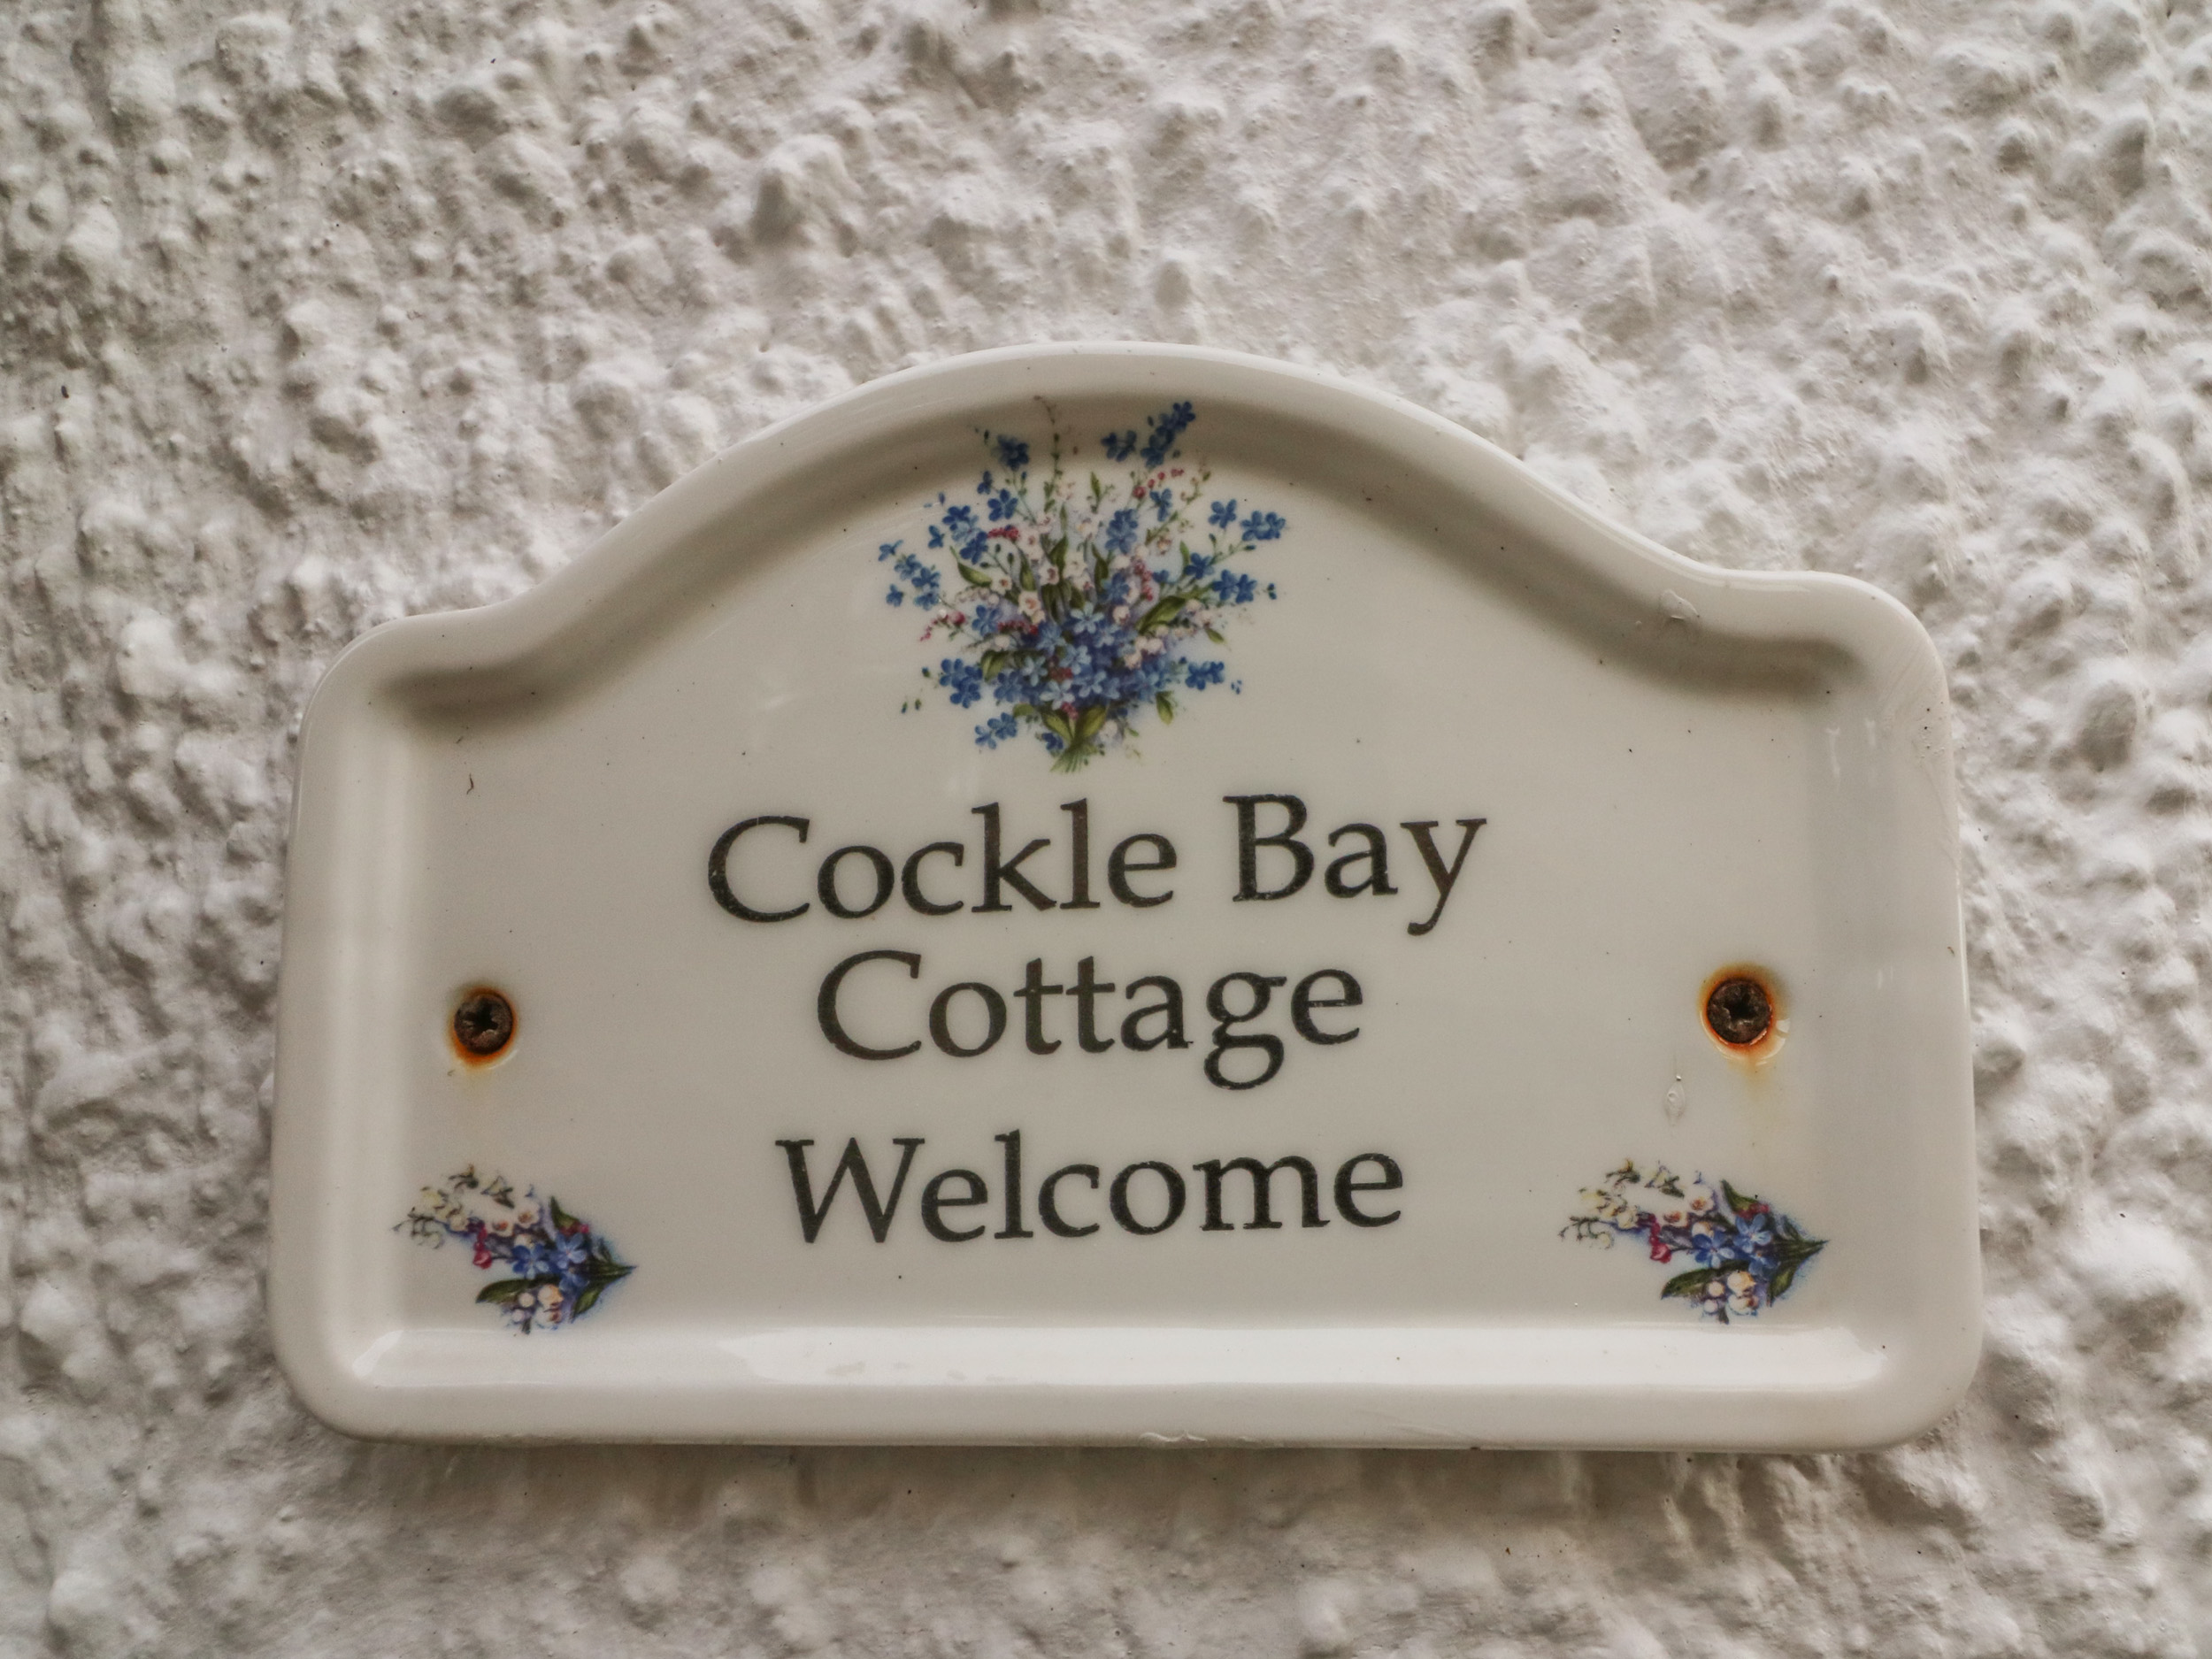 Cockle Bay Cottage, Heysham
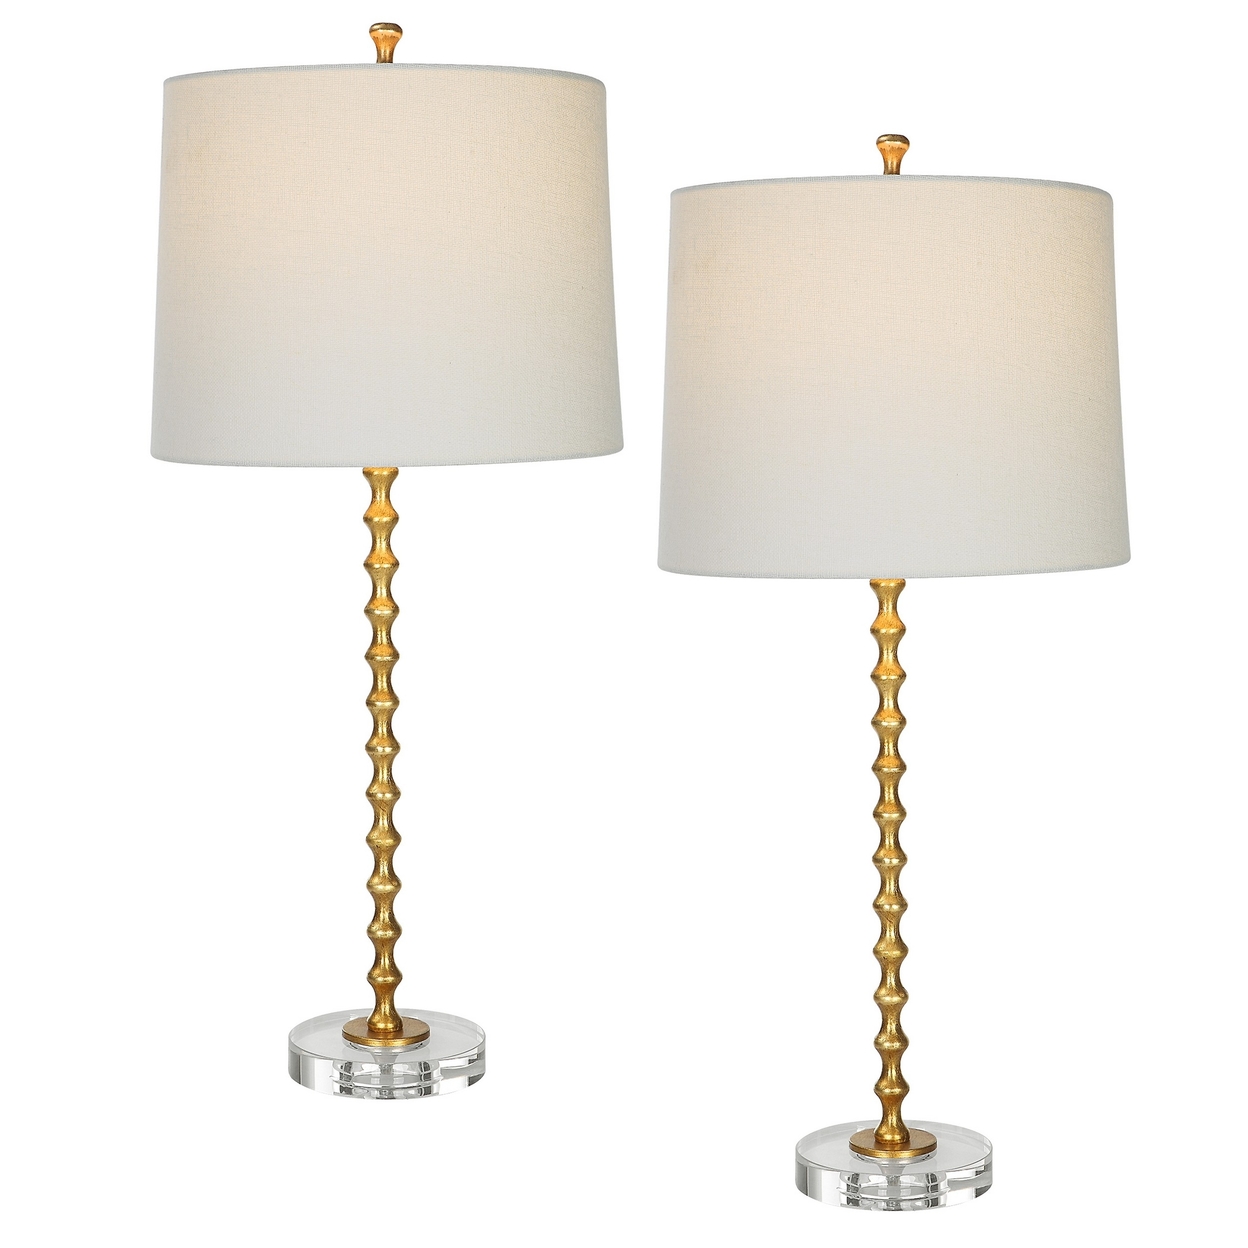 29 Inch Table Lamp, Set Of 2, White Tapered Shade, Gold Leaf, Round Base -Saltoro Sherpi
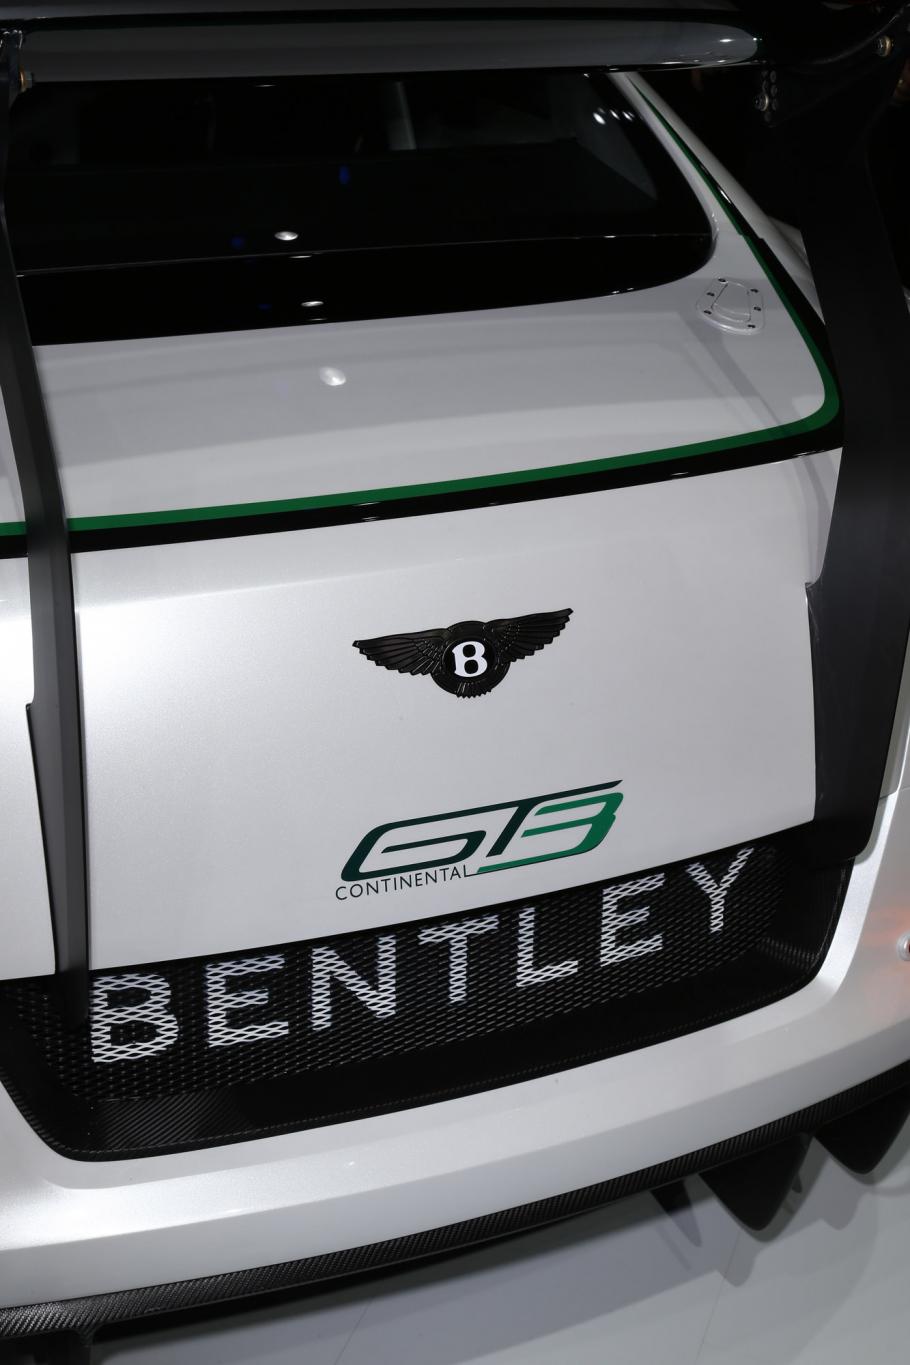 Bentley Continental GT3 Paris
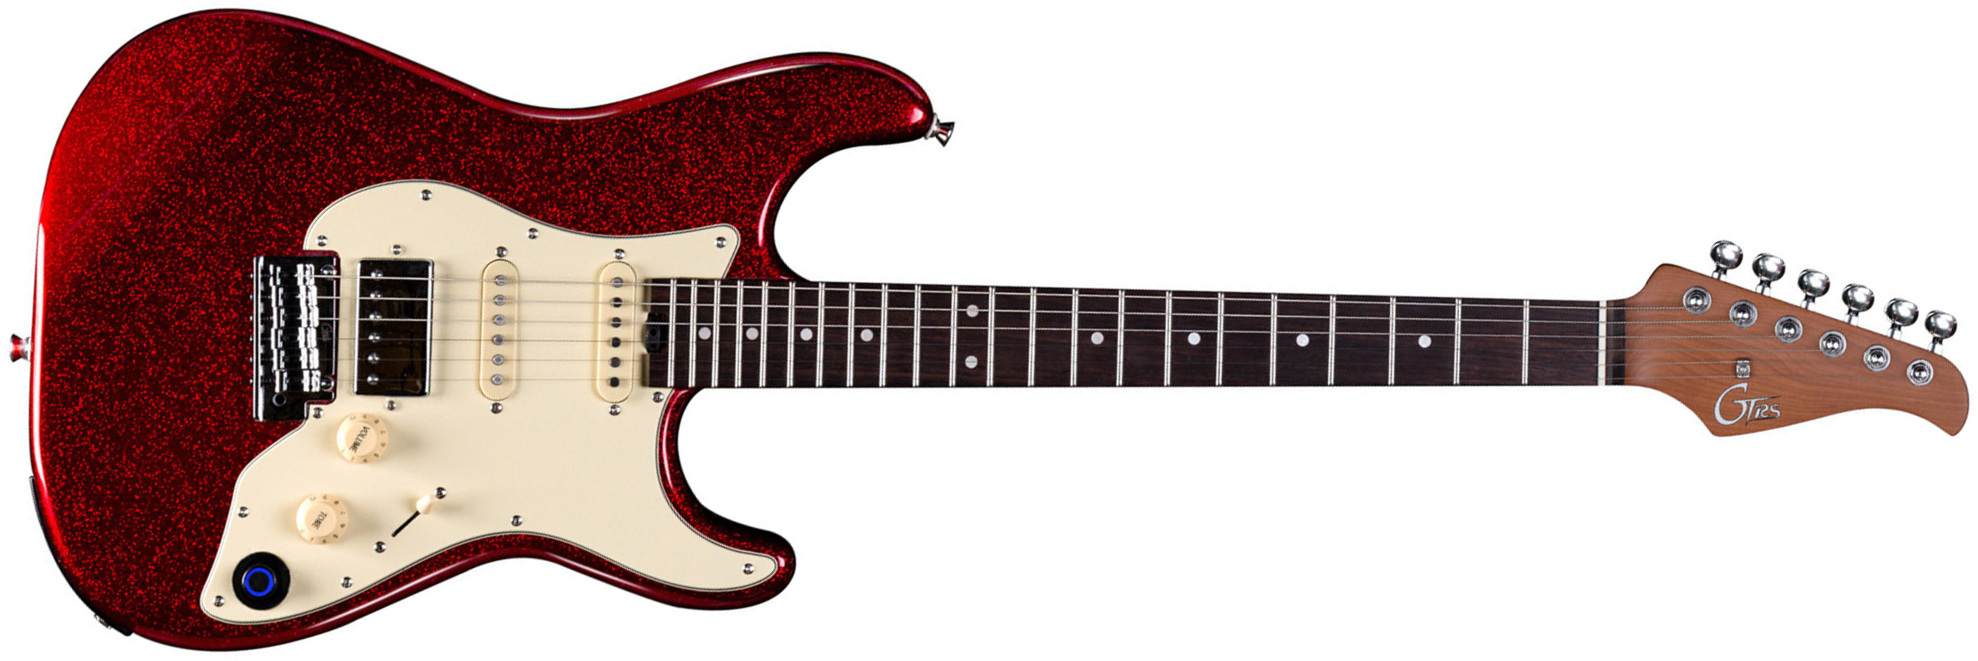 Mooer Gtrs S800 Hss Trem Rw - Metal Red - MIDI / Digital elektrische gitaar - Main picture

-=-=-

## PROBLEM TO SOLVE
Restate every line above word for word. Do not carry over the images.

## EXERCISE OUTPUT
 Cockle Bay Cottage, Heysham
 29 Inch Table Lamp, Set Of 2, White Tapered Shade, Gold Leaf, Round Base -Saltoro Sherpi
 Bentley Continental GT3 Paris
 Mooer Gtrs S800 Hss Trem Rw - Metal Red - MIDI / Digital elektrische gitaar - Main picture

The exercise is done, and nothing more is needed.